Plenty of opportunities. The man said plenty of opportunities in a room full of people who watched Cheri Ames eat an entire ordinance with a fork and knife.

Hoiland then offered his vision of how a concerned council member should handle the situation: bring it to “the city administrator, the mayor, and the city clerk. They review it to see if it’s ready for prime time.” Read that again slowly. An elected alderperson, representing constituents with a legitimate policy concern, should first submit it to the executive branch for screening. The administration should function as a filter on what the legislative body is permitted to discuss. Joel Hoiland said this out loud at a public meeting and did not appear to notice what he had said.

Alderperson Cathy Stoody, who navigates most Krause-era votes with the aerodynamics of a weather vane in a strong prevailing wind, offered a softer objection. “We want to address the issues, but I think we should again do it in committee of the whole where we’re all here to all hear it at the same time.” Which sounds reasonable until you remember that, as co-sponsor Alderperson Cindy Yeager pointed out, issues come up “at COW first but COW can’t take any action.” The Committee of the Whole is a talking room.
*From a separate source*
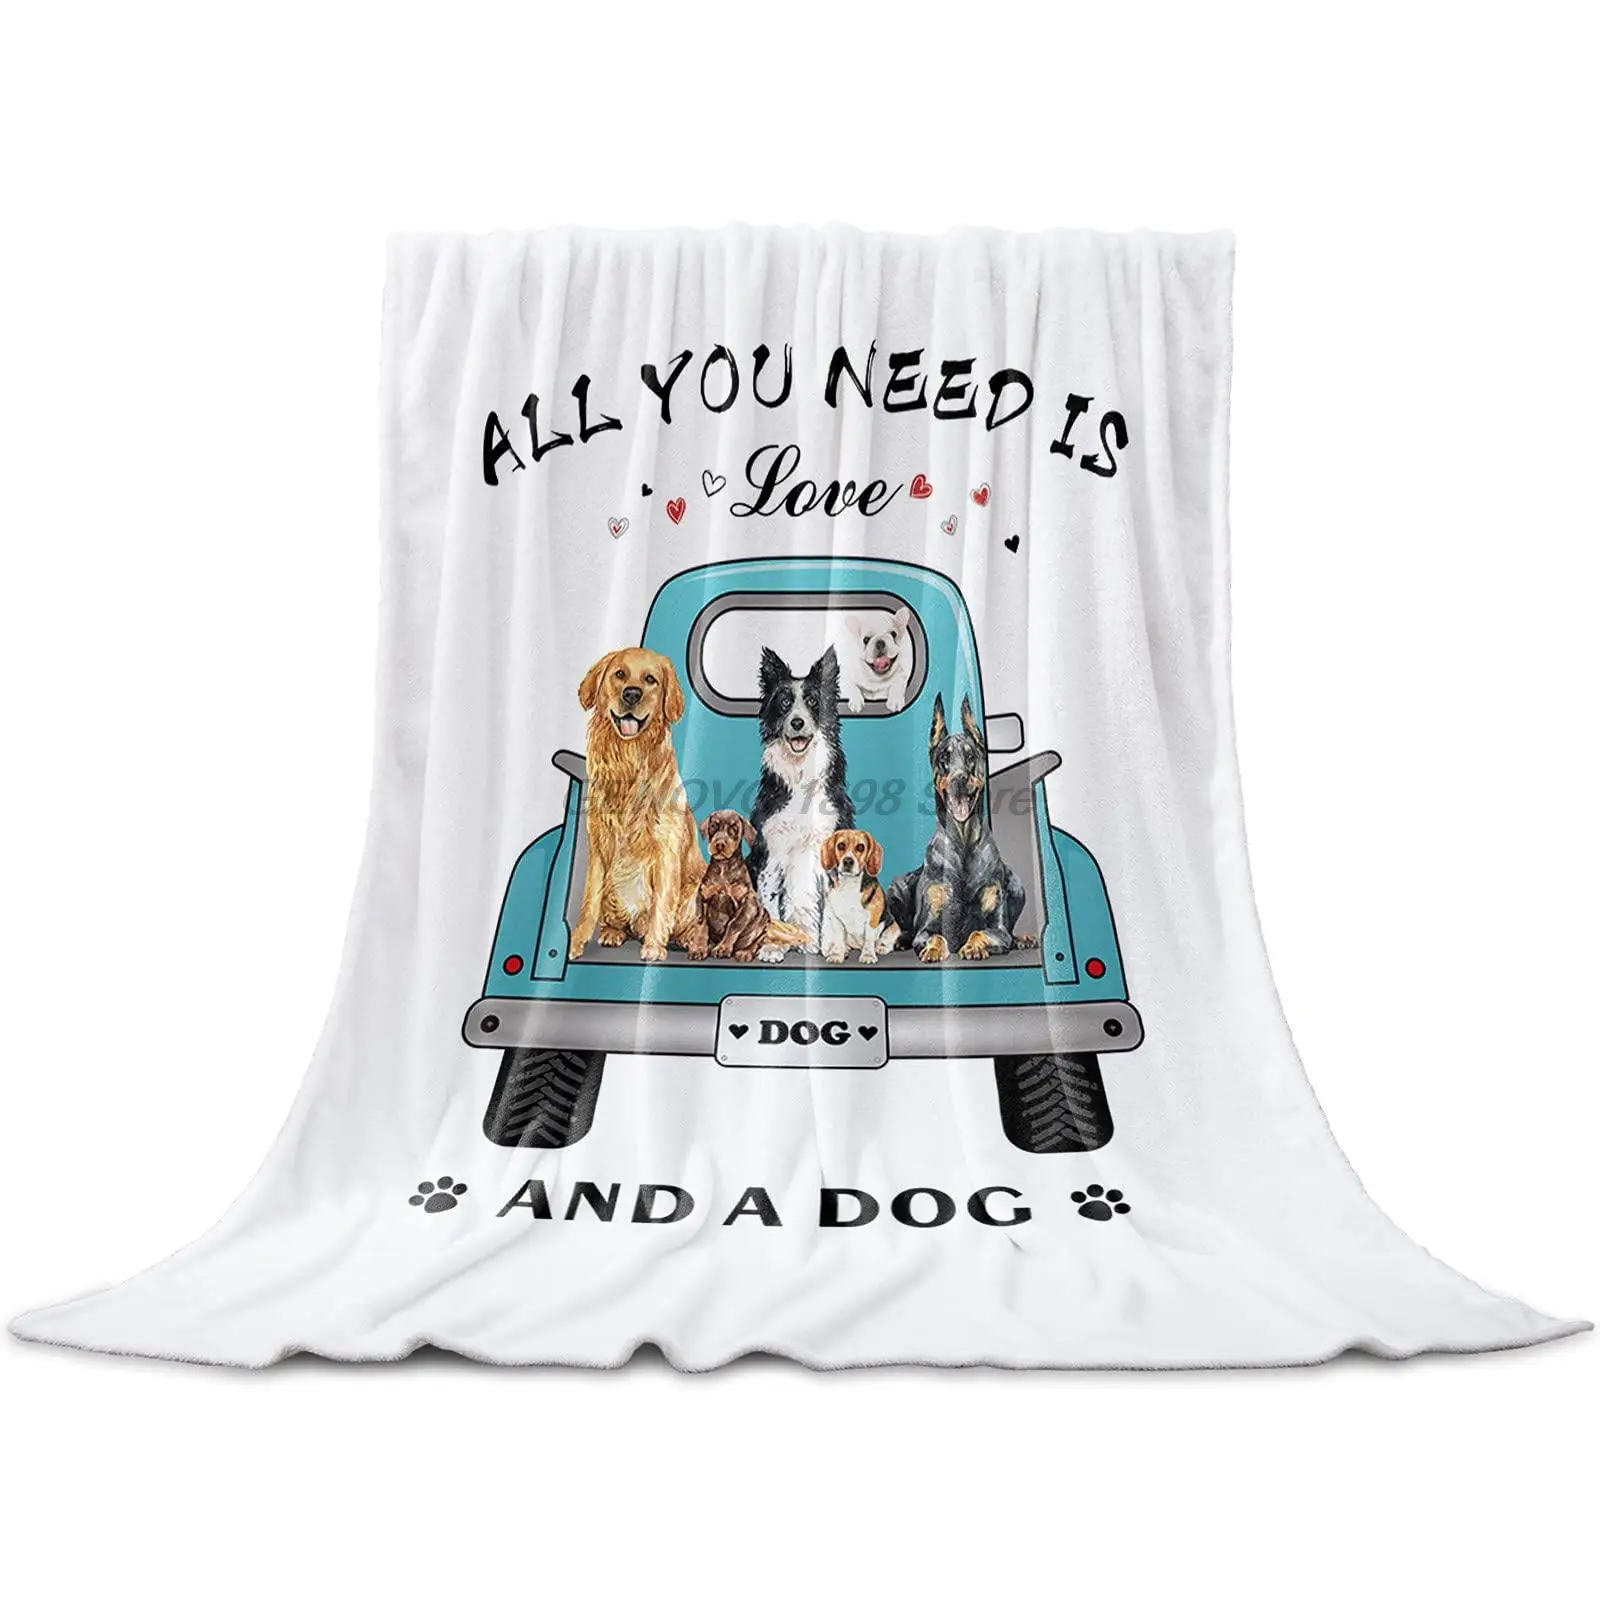 

Одеяло флисовое Полноразмерное для собаки, легкое фланелевое одеяло для кушетки, кровати, гостиной, теплое пушистое плюшевое одеяло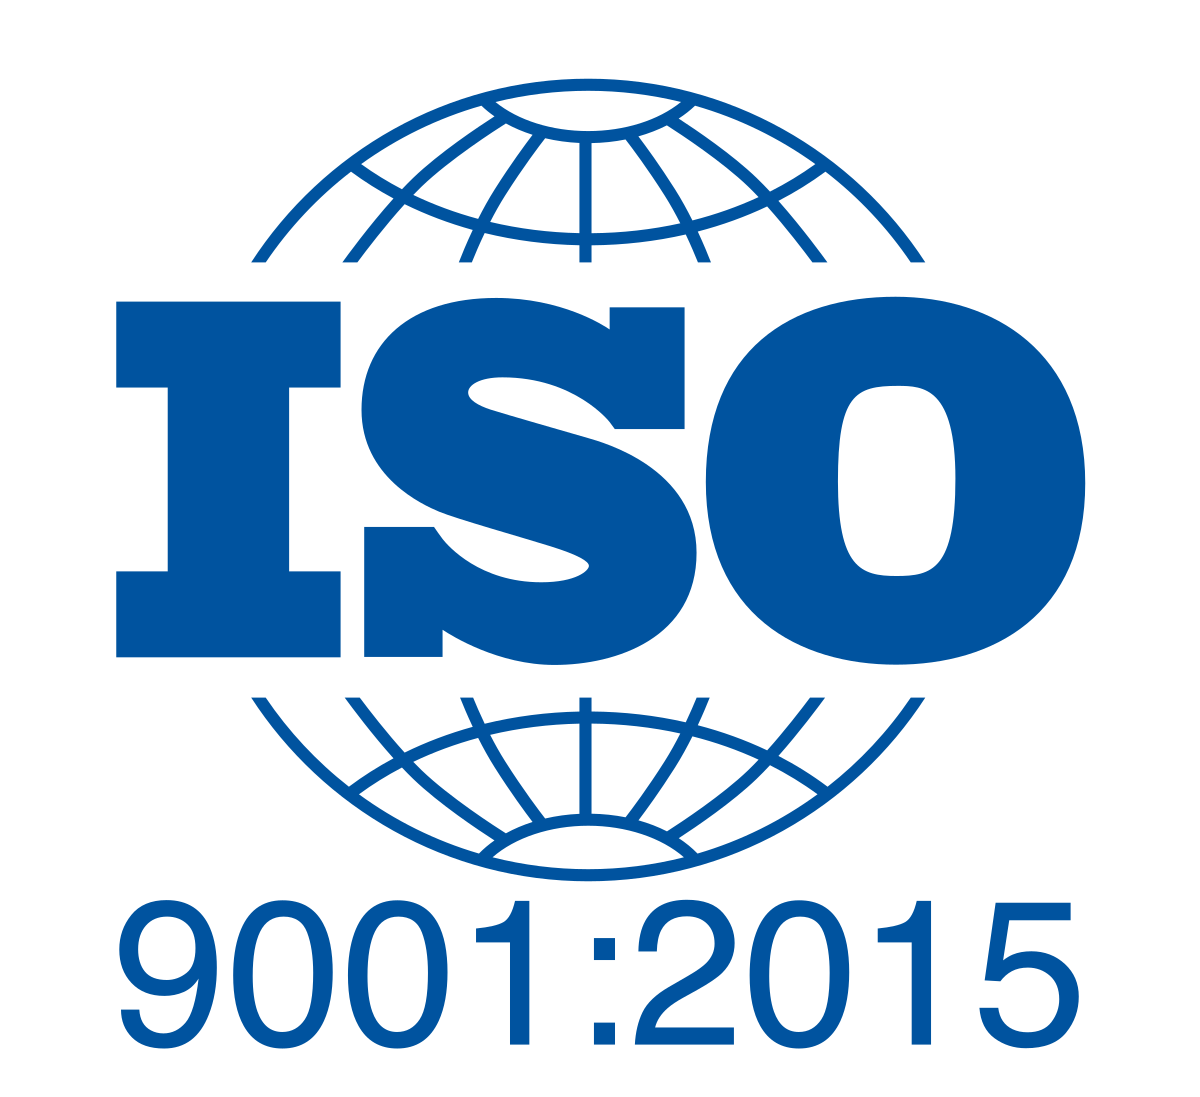 ĐÁNH GIÁ GIÁM SÁT LẦN 2 SAU CẤP CHỨNG NHẬN ISO 9001:2015 | Trung tâm đào đạo bệnh viện Phụ Sản Hà Nội

It is a place to discuss. It cannot act, amend, or advance. Directing every concern there is not a solution. It is a waiting room with no doctor.

Fesenmier, who has developed the seasoned patience of someone who has been governing alongside this administration for a while now, laid out the reality with surgical plainness.

“And sometimes in the past, we, as alders, have had trouble scheduling items on the standing committees. Which we have a right to do, but also on the citizen committees. So, we should not cede our responsibility to not elected committee chairs.”

She pressed further: “We have a responsibility to represent our residents, and when they have concerns, we should be able to take it directly to the committee that it concerns.”

And then, addressing the administration’s fantasy of cooperative, good-faith governance: “And I understand in an ideal world that if a council member goes up to a committee chair whether it’s a standing committee, whether it’s the administrator, the mayor, or a citizen committee, logic would tell you that person would be open to scheduling an item on.”

“And that is not our experience. Unfortunately, it’s not an ideal world.”

She is talking about Sherri Ames and the buried ordinance. She is talking about meetings that stopped being recorded the moment Krause took his oath. She is describing, in the careful diction of a council president who still has to work with these people on Monday, a systematic pattern of democratic obstruction dressed up in parliamentary procedure.

The ordinance passes 5 to 2. Voting yes: Fesenmier, Yeager, Ames, Linda Frame, JaNelle Powers. Voting no: Hoiland and Stoody. Brian Smith was absent.

The council has won the vote. The administration has taken note.

In what can only be described as an institutional middle finger delivered via agenda template, the Krause administration has since removed the standard line item from all committee and commission agendas — the one that invited members to recommend Future Agenda Items. The slot that existed precisely to allow committees to shape their own future work. Gone. Quietly deleted from the template.

The council just passed an ordinance guaranteeing alderpersons the right to get items onto agendas. The administration responded by removing the agenda slot those items would go into.

This is how it works in Lake Geneva. You win the vote. They change the form.


Lake Geneva News covers municipal government and civic affairs in Lake Geneva and Walworth County.